1 AWS ML Eng Assoc Data Eng and Storage Flashcards
AWS S3
Amazon S3 is an object storage service that offers industry-leading scalability; durability; availability; security; and performance. Customers of all sizes and industries can use it to store and protect any amount of data for a range of use cases; such as data lakes; websites; mobile applications; backup and restore; archive; enterprise applications; IoT devices; and big data analytics.
S3 Buckets
S3 stores data as objects within buckets. You can store any type of object in a bucket; such as text files; photo files; video files; etc. Buckets are created in a specific AWS Region and can be accessed from anywhere.
S3 Object Key
The name of the object is known as the key. The combination of bucket name and key uniquely identifies the object.
EBS Volumes
EBS (Elastic Block Store) volumes are network drives that can be attached to and detached from EC2 instances. They allow persistent data storage; even after the instance is terminated.
EBS Volumes Use Case
EBS volumes allow you to persist data; even after the instance is terminated. This is helpful when you need to recreate an instance and mount the same EBS volume from before to get your data back.
EFS (Elastic File System)
EFS is a managed NFS (Network File System) that can be mounted on many EC2 instances across multiple Availability Zones (AZs). It’s highly available; scalable; and expensive (about 3x the cost of GP2 EBS volumes). Use cases include content management; web serving; data sharing; and WordPress.

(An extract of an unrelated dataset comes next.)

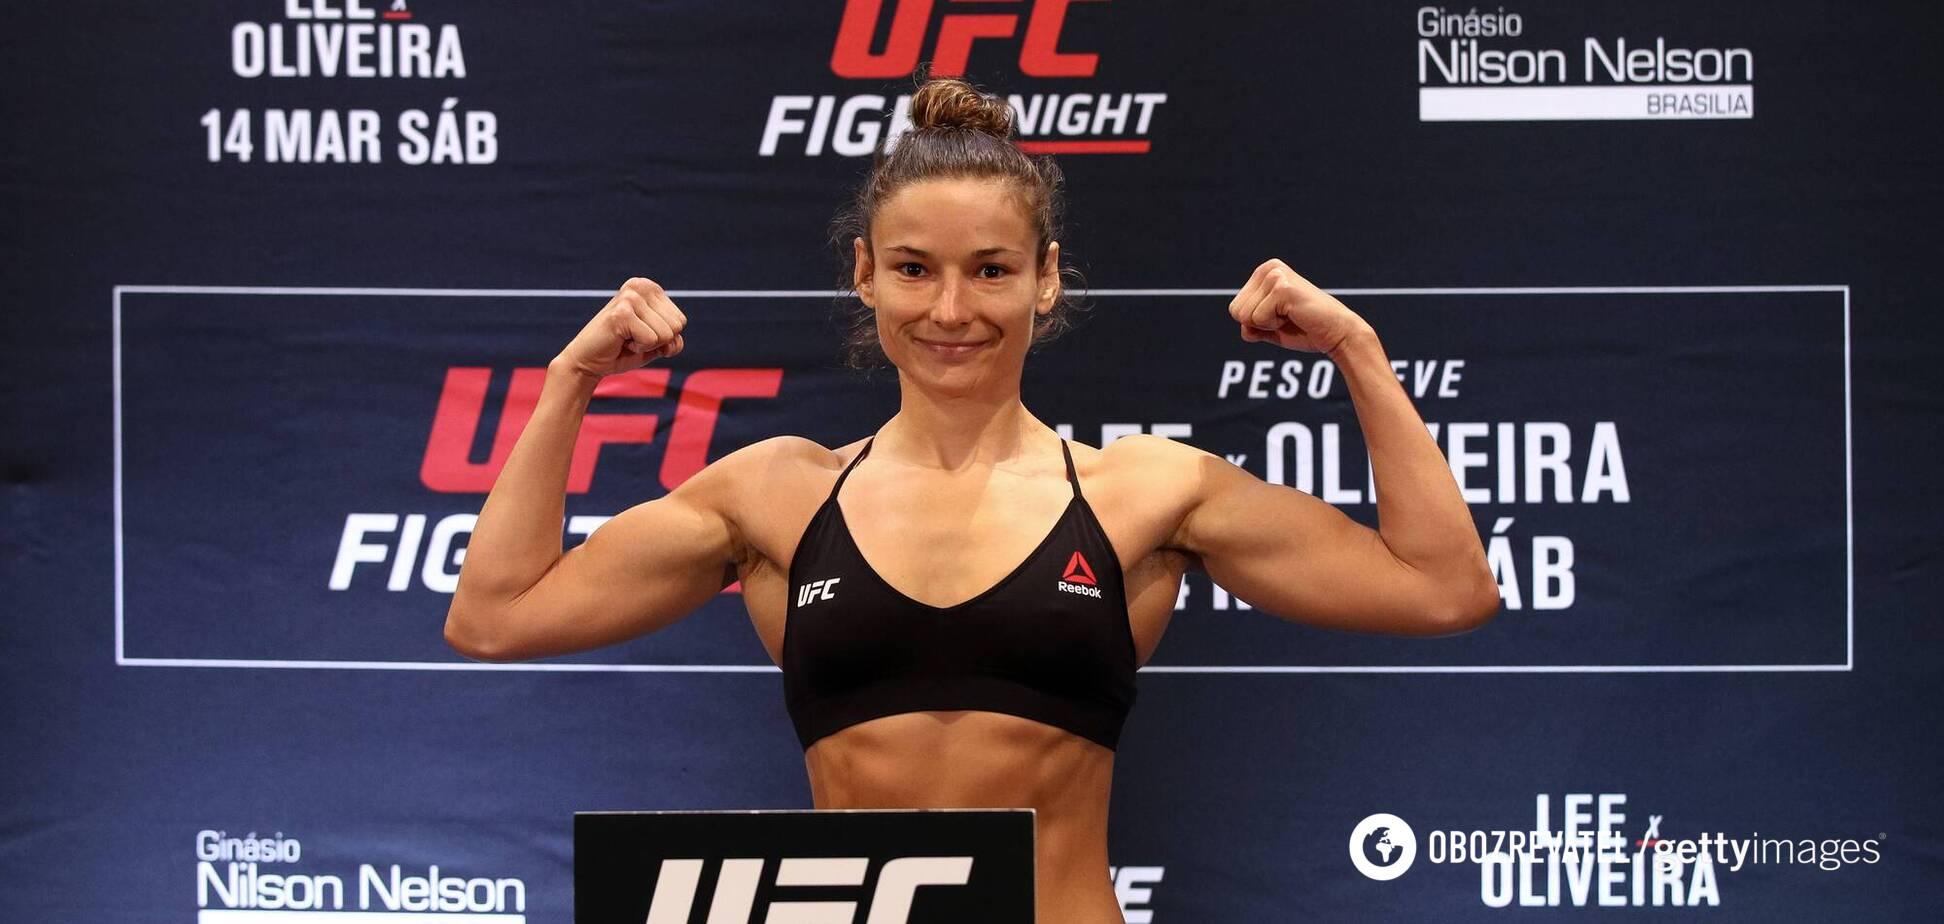 Марина Мороз назвав фаворита в бою Грицай - Усик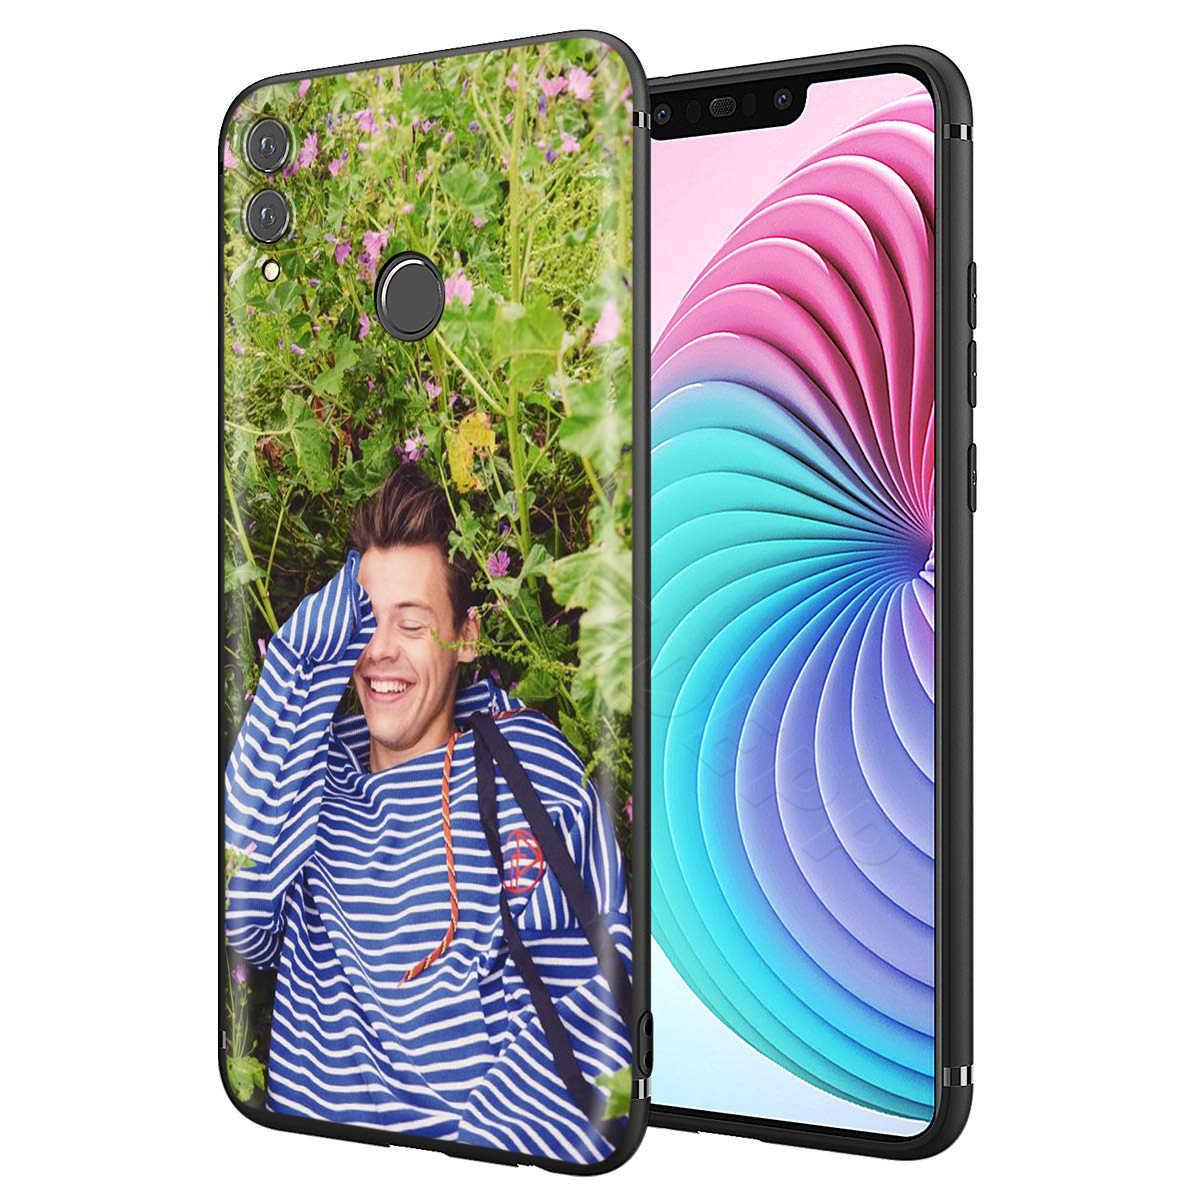 Webbedepp ハリースタイルかわいいケース Huawei 社の名誉 6A 7A 7C 7 × 8 8X 8C 9 9 × 10 20 Lite プロノート表示

Data Ingestion and Storage
All machine learning starts with potentially large amounts of data that need to be stored in a central repository in a scalable; secure manner. This section covers types of data; properties of data; storage strategies like data warehouses; data lakes; and data lakehouses; as well as pipelines for extracting; transforming; and loading data.
3 Types of Data
Structured (organized in a defined schema; found in relational databases); Unstructured (data without a predefined schema; like raw text files; videos; audios); Semi-structured (has some structure like tags or hierarchies; but needs work to extract; like XML; JSON; log files).
3 V’s of Data Properties
Volume (amount/size of data); Velocity (speed at which data is generated/processed); Variety (different types/sources of data).
Data Warehouse
A centralized repository optimized for analysis; where data from different sources is stored in a structured format. Designed for complex queries and analytics. Data is cleaned; transformed and loaded using an ETL process. Typically uses a star or snowflake schema.
Data Lake
Stores a vast amount of raw data in its native format (structured; semi-structured; unstructured). Data is loaded as-is without predefined schema. Supports batch; real-time and stream processing for data transformation and exploration.
Data Lakehouse
A hybrid architecture combining features of data lakes and data warehouses. Supports structured and unstructured data; schema-on-write and schema-on-read; detailed analytics and machine learning. Built on cloud/distributed architectures.
Data Mesh
An organizational paradigm for decentralized data management. Individual teams own their data and offer it as data products to others in the organization. Promotes domain ownership; federated governance; and self-service data infrastructure.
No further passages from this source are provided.